22 July 2009

INTRAMURAL LIFE LESSONS

A matter about which many people intimate in their complaints about schooling is something known as the "hidden curriculum." (Yes, I am returned from three weeks in England--one-week pure travel and two archeologizing in the cold mud at a Roman Fort searching for Hadrian's footprints.)

Usually reference to the hidden curriculum is used in the negative sense; e.g., the Hard Times, undemocratic, classist, sexist, racist, ageist, and particularly today, the sexual-orientationist messages (heteronormativity is rampant in schools; witness the popular teen pronouncement, "That's gay") which reverberate between and around the walls of American schools. And, yes, I am sure that a hidden message is conveyed that war is good for all good children and American democracy. Contra that message, one of my favorite sayings, readily repeated to my students, concerning war, is WWII correspondent Ernie Pyle's pithy observation that, "War is hell." (Later, Pyle was machine-gunned in the head and buried with his helmet and boots on.)

What I am aiming for here is that even though I was a rather indifferent K-12 student myself, there were life-enhancing lessons, conveyed by the hidden curriculum which have informed who I am, and, I suspect, who each of you is today.

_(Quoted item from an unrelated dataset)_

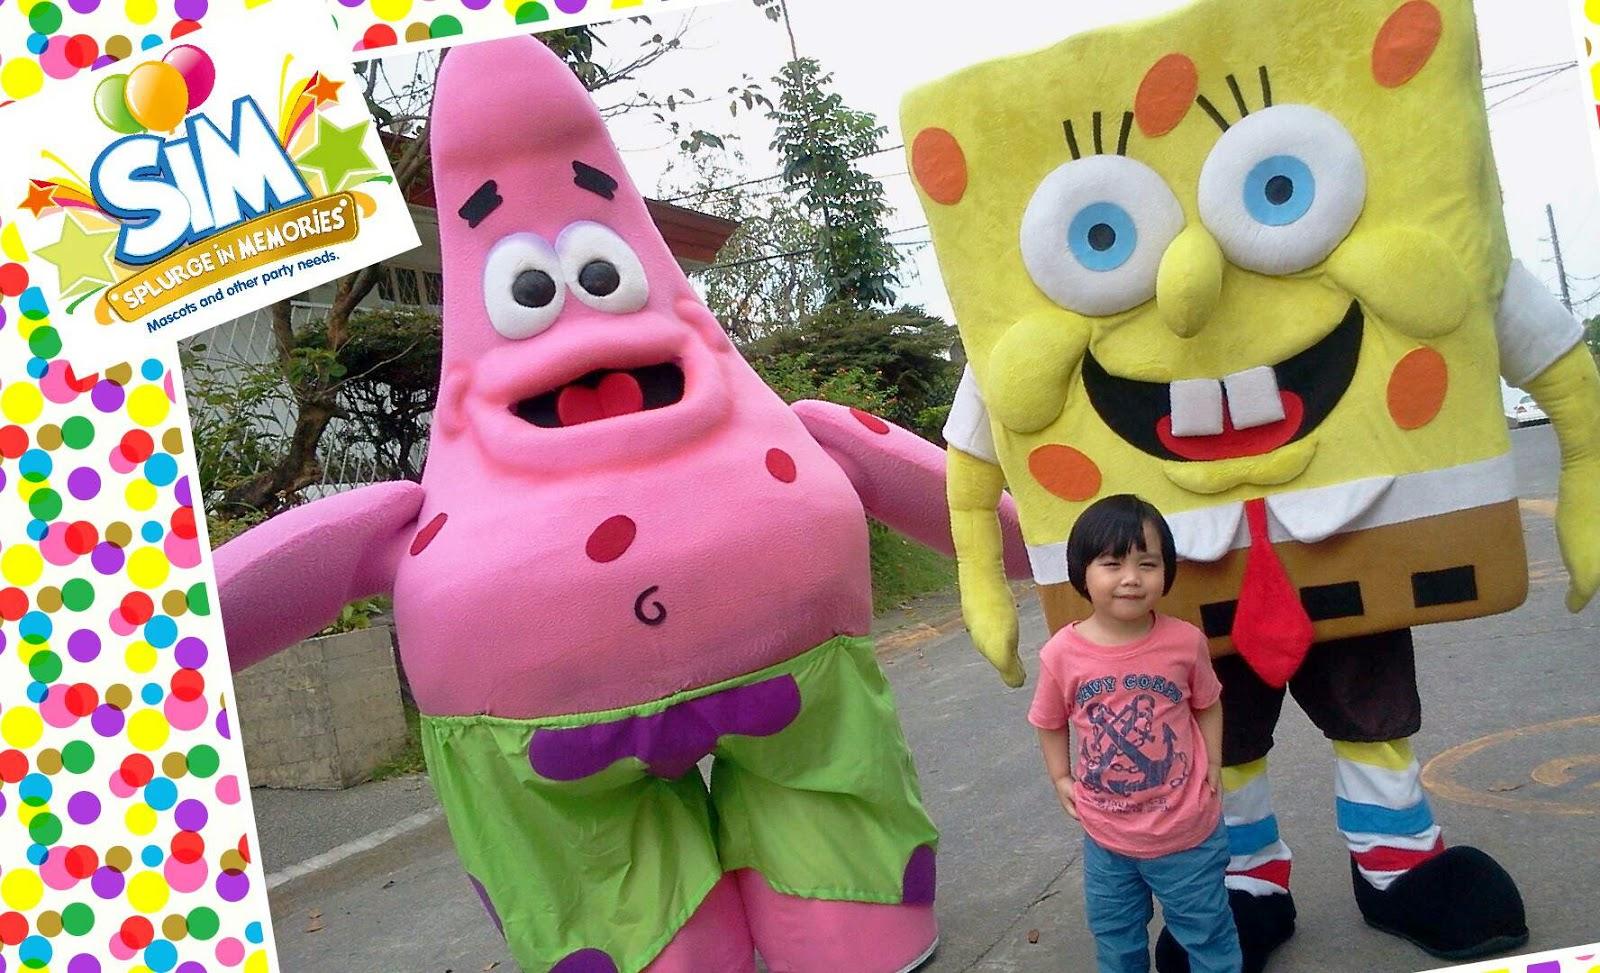 spongebob squarepants mascot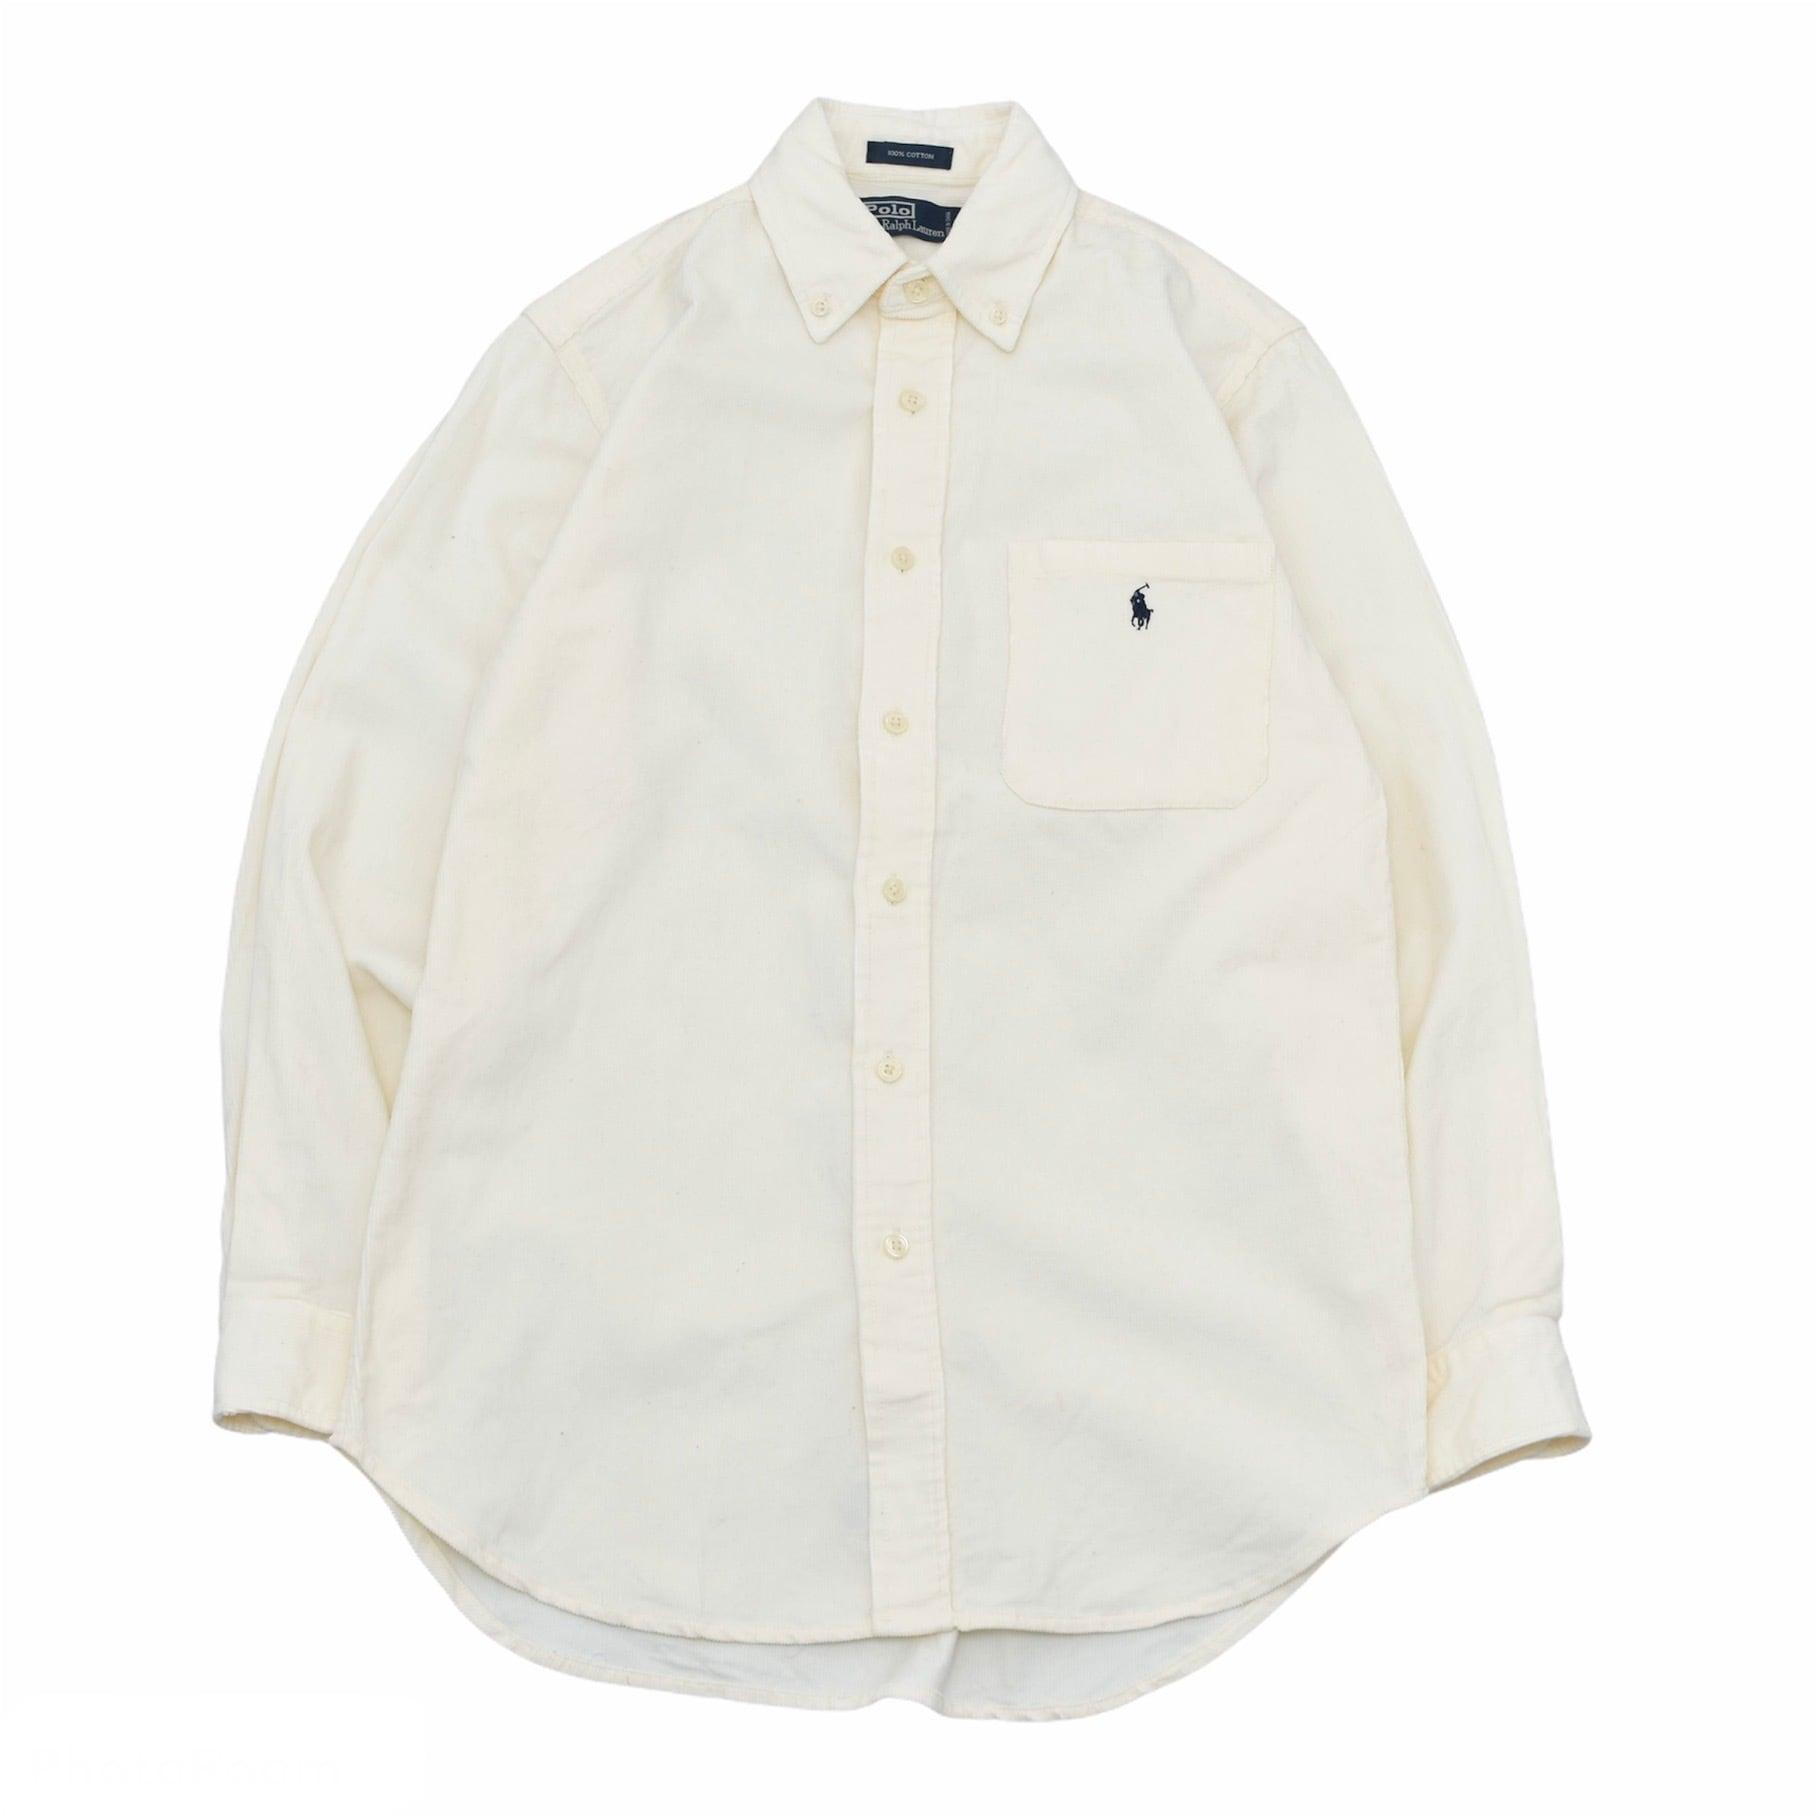 Ralph Lauren color corduroy BD shirt

Hopefully, there were sufficiently positive ones to have pointed you toward a life well lived.

In particular, I am reminded of a teacher of math about whose subject matter I cared less than little. In one of his classes I bargained (actually, I rather presumptuously dictated to him) that I would gladly accept a failing grade for the class, if he would acquiesce in my daily retirement to the school auditorium to sit alone and read (at that time science fiction, historical fiction, etc.). I assessed that I had bargained well.

I did not enjoy Mr. Wilcox's class at all, due to the subject matter. However, my point here is that there was a hidden-curriculum lesson that I learned from him: Respect for adults, respect for teachers, respect for people in general, but especially a great deal of respect for him as a person.

Last week we learned that Mr. Wilcox was given two weeks to two months to live. Here is what I wrote on our class website earlier this (late) morning:

Classmates,
I have recently returned from some travel and read (checking my email at a public library in northeast England) with disquiet the medical update on Mr. Wilcox. I join you in sending an invocation to the Universe on his behalf.

When we saw Mr. Wilcox at the Class gathering, in May, he was manifestly radiant in the way that some people become when their soul is beginning to wing its way to Elsewhere. The Soul knows. His address to the group just before he left now seems in hindsight to have been a subconsciously knowing farewell to a group of people, his students, who have so many fond and appreciative memories of a teacher about whom we all continue to this day to highly respect. Those of us who were fortunate to have been there to see him at the gathering were transfixed by his brave, from-the-heart, talk.

Carl Jung said that, "One looks with appreciation to the brilliant teachers, but with gratitude to those who touched our human feelings." This you did, Mr. Jim Wilcox, even long after we left your classroom. And for this, we give thanks.

Mr. Wilcox, my math teacher, taught me little math (not his fault). He DID "teach" me an equation to the 10th-power more valuable. You know what it is.